We spent two weeks in Tanzania with Africa Dream Safaris and already are thinking about going back! From the moment we were greeted by the “meet and greet” staff at the airport (bypassing the very long line for immigration and so on) through each “check in” and our final drop-off at the airport, every detail went smoothly and we never spent a minute worrying about our next destination or check-in or anything. During the preplanning phase when I had endless questions and concerns and changes, [our ADS rep] answered each question thoroughly, patiently, and quickly. Those quick and thorough responses did a lot to convince us of ADS’s professionalism, and our experience confirmed it.

Being on the Serengeti at sunrise, with an endless plain around you and only the sound of wind as you watch lions only 10 feet away, is an experience we will never forget. But it’s only one of many such experiences! A cheetah and her three cubs under a small acacia tree, wildebeest and zebra crowding down a river bank to drink, a martial eagle plucking and devouring its kill, jackals fighting vultures over the remains of a zebra … each experience was new and unique and incredible. And the experience isn’t simply a visual one! Hearing the crunching of bones as a lion devours its prey, the grunts of the hippos in a lagoon, the screeching of guinea fowl or the sound of grass being pushed aside as a leopard walks past in the bush … all so memorable. And for our most memorable sounds, we’d have to include the night at the private camp when nearby lions growled and roared, along with the trumpeting that an elephant “mom” made when she thought we were too close to her and the “kids.” Did we mention that she then took off after our car? No problem driving quickly away though!

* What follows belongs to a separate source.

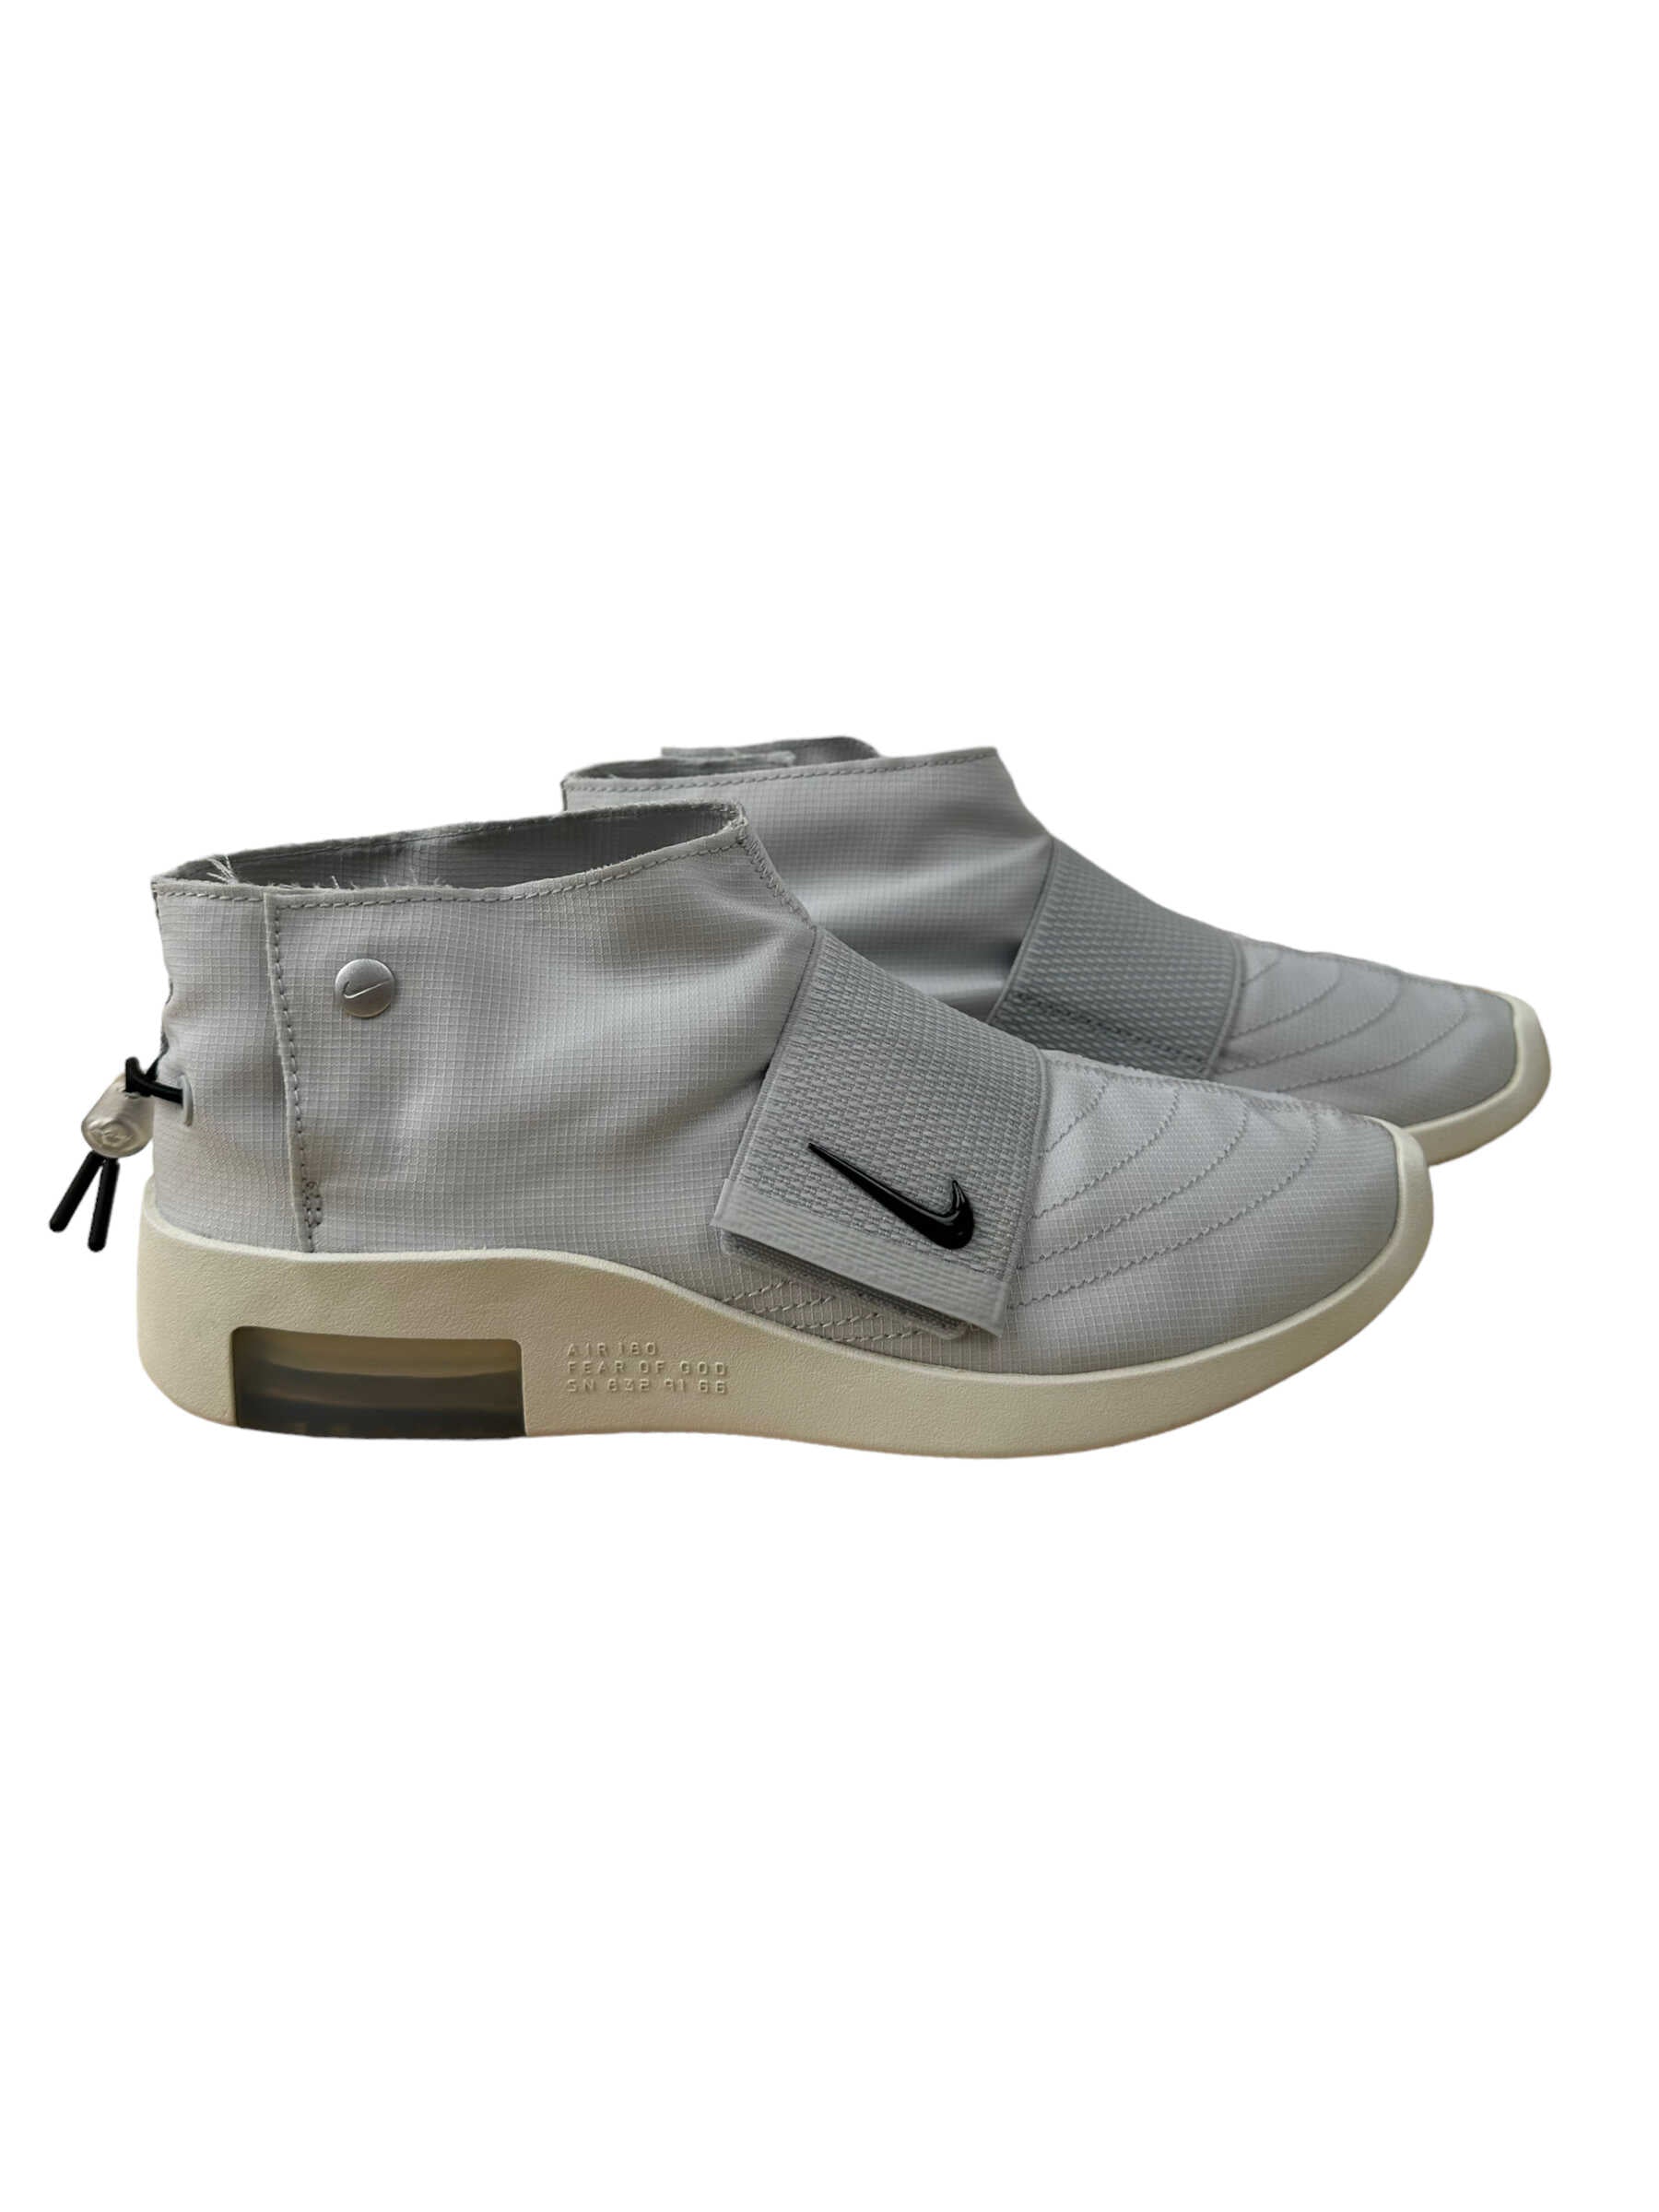 Nike Air Fear Of God Pure Platinum Moccasin Sneakers
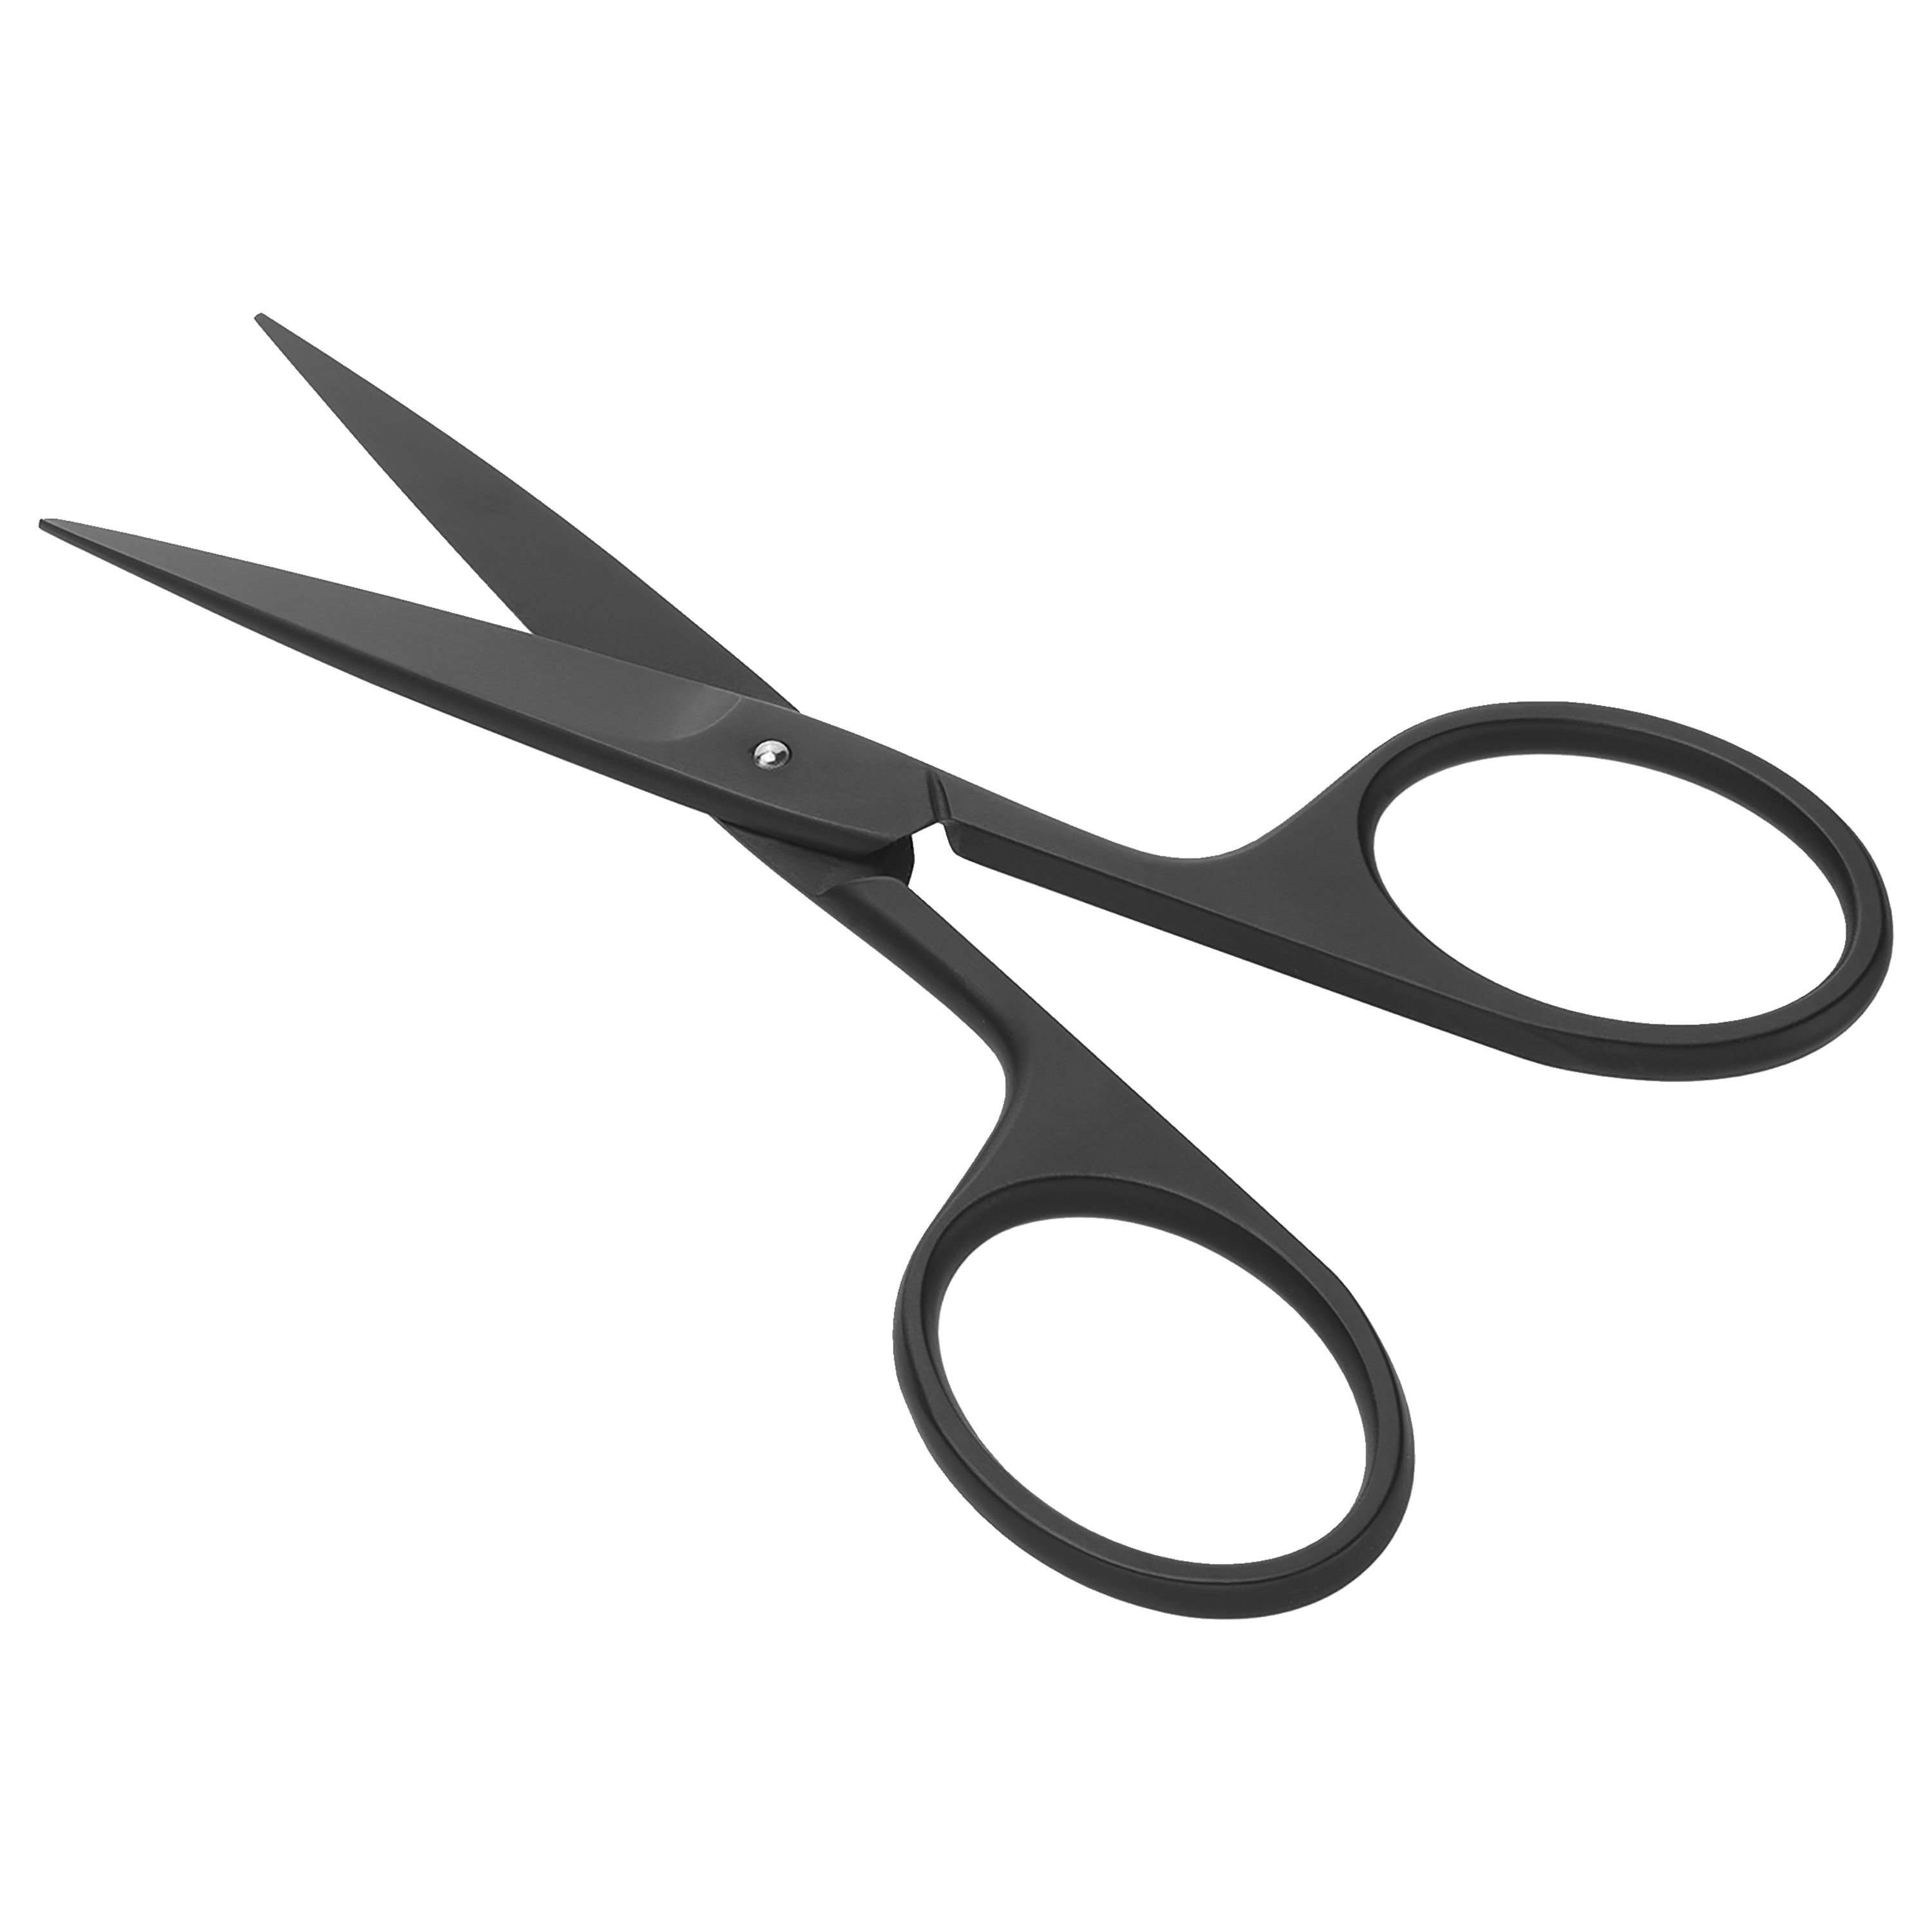 Zwilling Zwiling Twinox Nose Hair Scissors 105 mm

Our guide was knowledgeable, friendly, and accommodating. He helped give us a picture not only of the abundant wildlife (birds, reptiles, animals) but of life in Tanzania too. He was working hard so we could have a tremendous trip, and we’re so appreciative. All of the staff we encountered were friendly, and the experience at the private luxury camp was not only a highlight of this vacation but of any vacation we’ve taken. Incredible new tastes with African food prepared in camp, served under the stars, with candles and starlight and the sound of distant (at the time!) lions. A camp where you are the only people for miles and miles. An incredible sky overhead. That meal and night could have gone on forever.

We would highly recommend the experience and the Africa Dream Safaris company to anyone. We’ll be back for a rainy season trip in another few years (wish it could be sooner!).

Tracey Tomashpol and Farron Brougher
July 2010

A procession of giraffes marching over the Serengeti plains.

 

A family of young cheetahs relaxing in the shade with their mother.

 

A confident leopard, pausing momentarily in a regal pose, as he pads through a grassy clearing.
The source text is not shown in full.